La Dame De Pic The White Millefeuille

When I first started writing about restaurants, the whole concept of posting food photographs on Instagram irritated me beyond belief. I’d rant obstinately about the whole concept until the sloshed, fondled Wagyu cows came home.

Most jobs, however, make it completely necessary to leave certain beliefs at the door. Hate it or love it, social media sites are the future. Instagram in particular has become so food-focused that (as a food writer) it’s impossible to avoid getting involved. And with the whole world sharing pictures from Full English breakfasts to gussied up fine dining shots with only half of the plate in shot – why should I be missing out?

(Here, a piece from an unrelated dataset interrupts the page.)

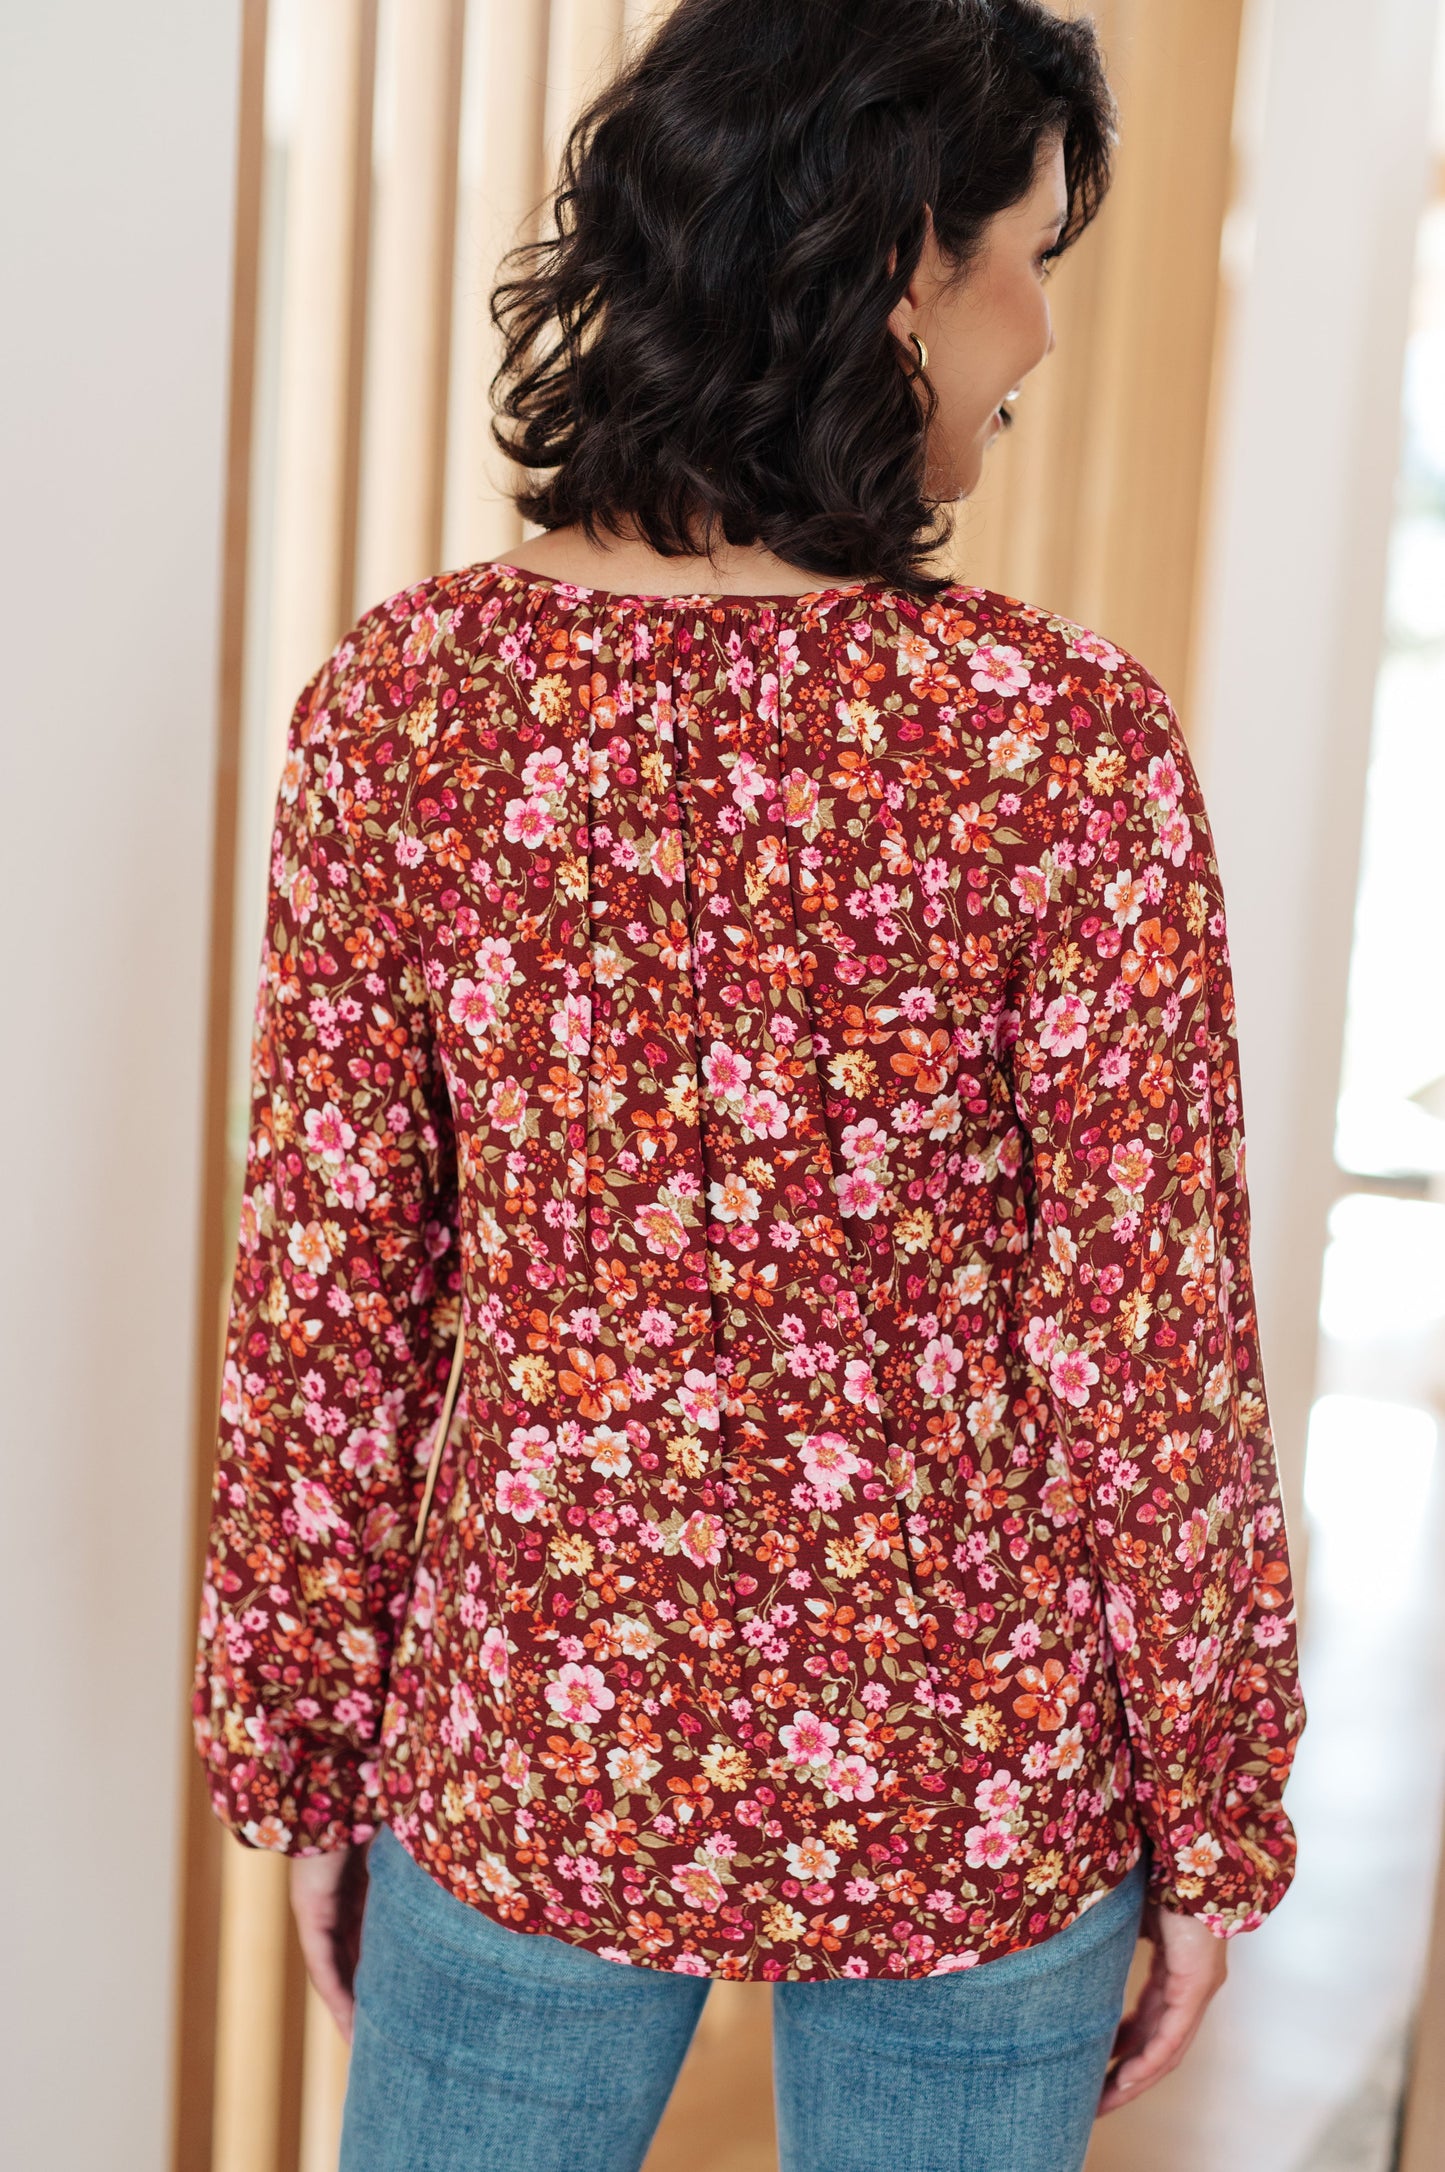 Sunday Afternoon Blouse in Rust Floral

One thing that still bothers me, nonetheless, is inane hashtags. Most grating of all is ‘#foodgasm‘ (just above #foodporn).  No, it’s not even a bona fide word, but that’s not the point. It’s just thrown around so much that it’s now a nonsensical term to describe food that’s as appealing as a pint of hemlock. So what actually quantifies a ‘#foodgasm’? A Big Mac is an impish (read: disturbingly sating) treat, but isn’t ‘foodgasmic’. The Frog’s cheese doughnuts, on the other hand, are a worthy candidate for justification of such ridiculousness, as are the salted duck egg custard buns at A Wong. The Berlingots at La Dame De Pic, too, will leave you wishing you’d brought a spare pair of pants.

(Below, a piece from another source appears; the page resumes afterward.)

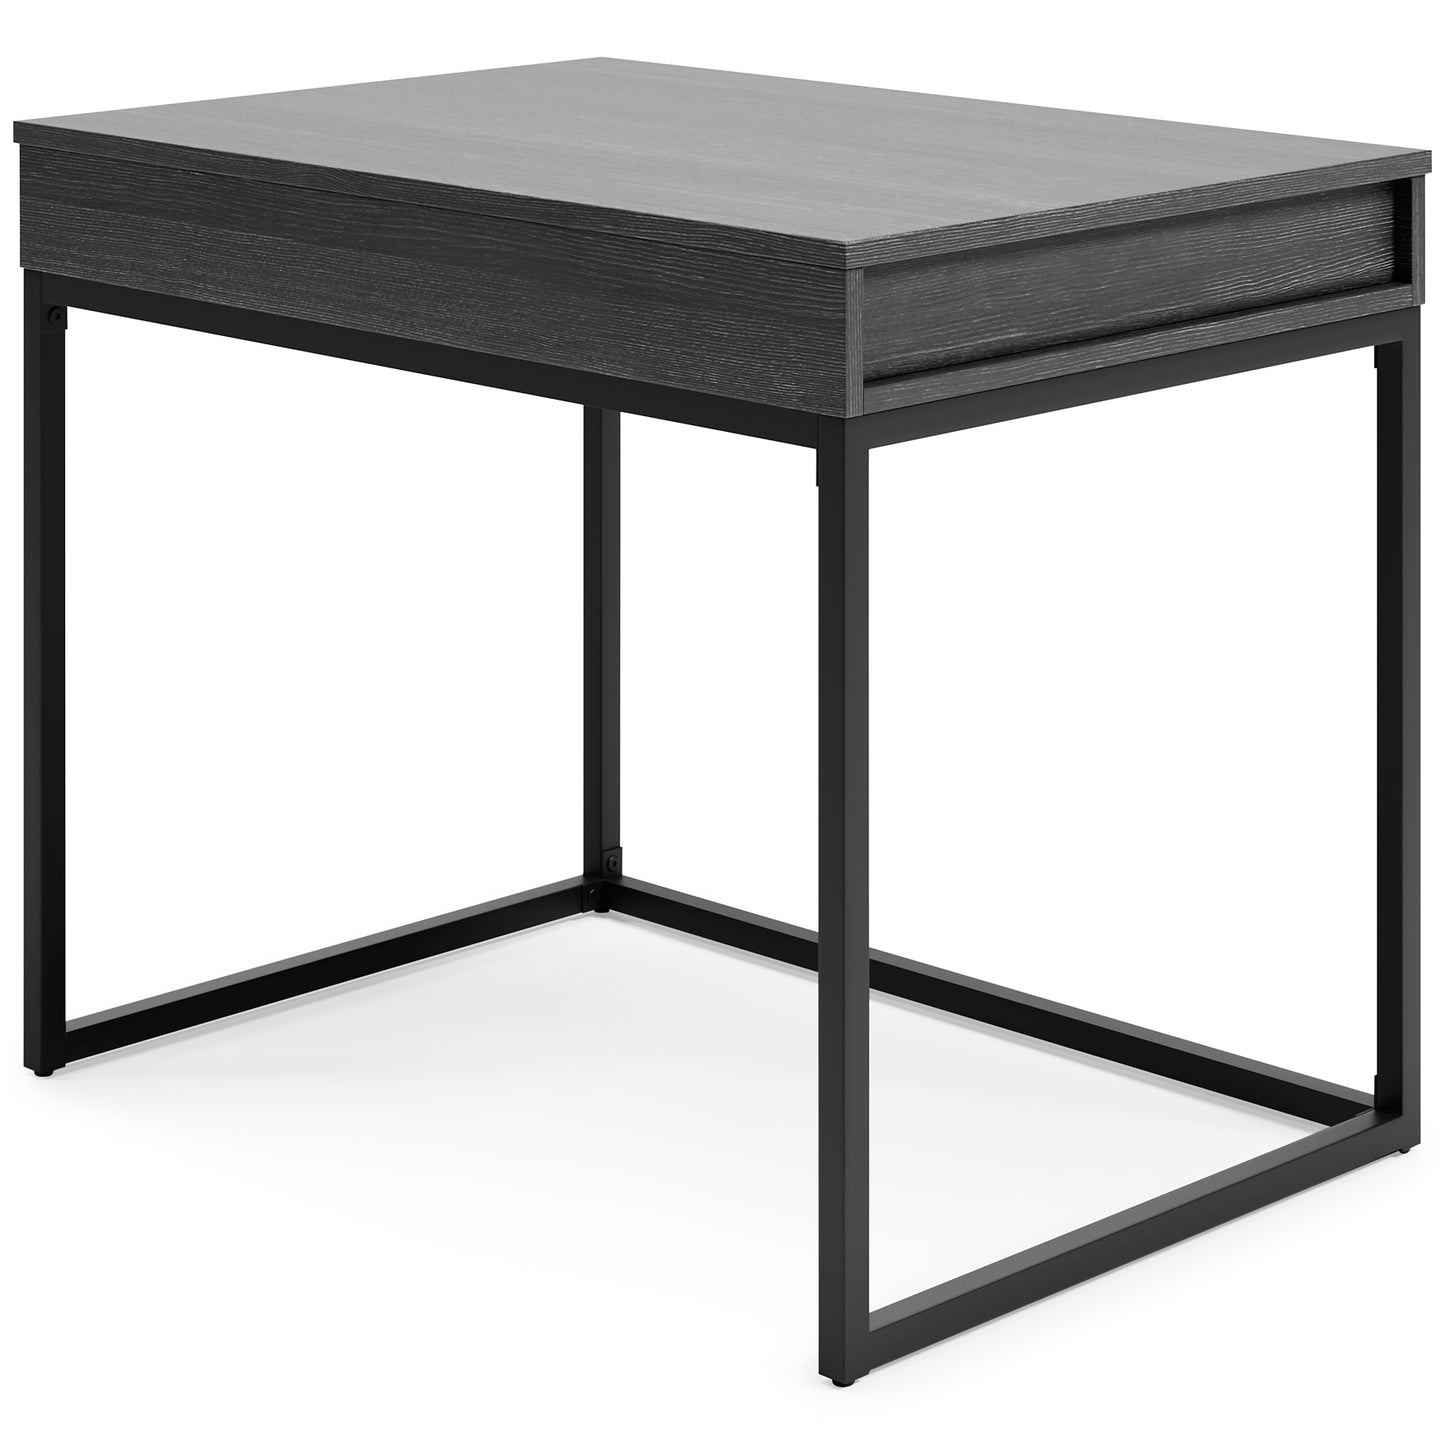 Yarlow Home Office Lift Top Desk Signature Design by Ashley®

Opened in January, La Dame de Pic is the first UK restaurant from three Michelin-starred Anne-Sophie Pic, situated in the swanky new Four Season’s Hotel. A peculiar location for a high-end restaurant, on a quiet square behind Tower Hill tube station, but word has begun to spread over the past three months – mainly thanks to Instagram – and, on visiting, it’s hardly surprising. During the evening of our visit, alongside the a la carte and five-course tasting menu, a special Goût de France dinner is available. Celebrating the merits of French cuisine, the event takes place on the first day of Spring and witnesses over 2000 chefs across five continents serving specially curated dinners, simultaneously. When visiting a French gastro-temple such as La Dame de Pic, two things are as good as guaranteed: you’ll be offered the chance to indulge in a number of small, prettily presented dishes that seem little more substantial than a range of canapés, yet are decadent enough to feed a family of four, and that all of this will be reflected in the bill.

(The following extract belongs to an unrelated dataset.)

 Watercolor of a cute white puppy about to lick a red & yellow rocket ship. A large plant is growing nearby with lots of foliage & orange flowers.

The food on offer here is by no means cheap, but the tasting menu is a must for any keen foodie in hope of keeping up appearances. What’s more, the food is mostly very good. The five-course Goût de France menu, for instance, is priced at £125 per person with matching wines and a glass of Ayala Brut Nature Champagne to begin. As well as the food, the whole atmosphere of the restaurant adds to the overall experience. Service is helpful and friendly, but without being intrusive (against all odds), while the starched table linen and handbag stools do add an air of stuffiness, yet the low lighting and plush armchair seating does lend an air of comfort.

An amuse-bouche comprises a mound of Cornish crab meat topped with discs of crunchy celeriac, atop a bed of clementine jelly. The dish lacks no culinary skill, but the flavour isn’t particularly exciting, either. The crab is a fine, palate cleansing pre-starter, but it’s the coffee infused butter served with the bread that’s most striking. The implement of coffee does seem bizarre (and it isn’t the meal’s only outlandish use of coffee), but the ground beans have a pleasant bitter-sweetness that works particularly well alongside relentlessly whipped butter and heavily salted sourdough.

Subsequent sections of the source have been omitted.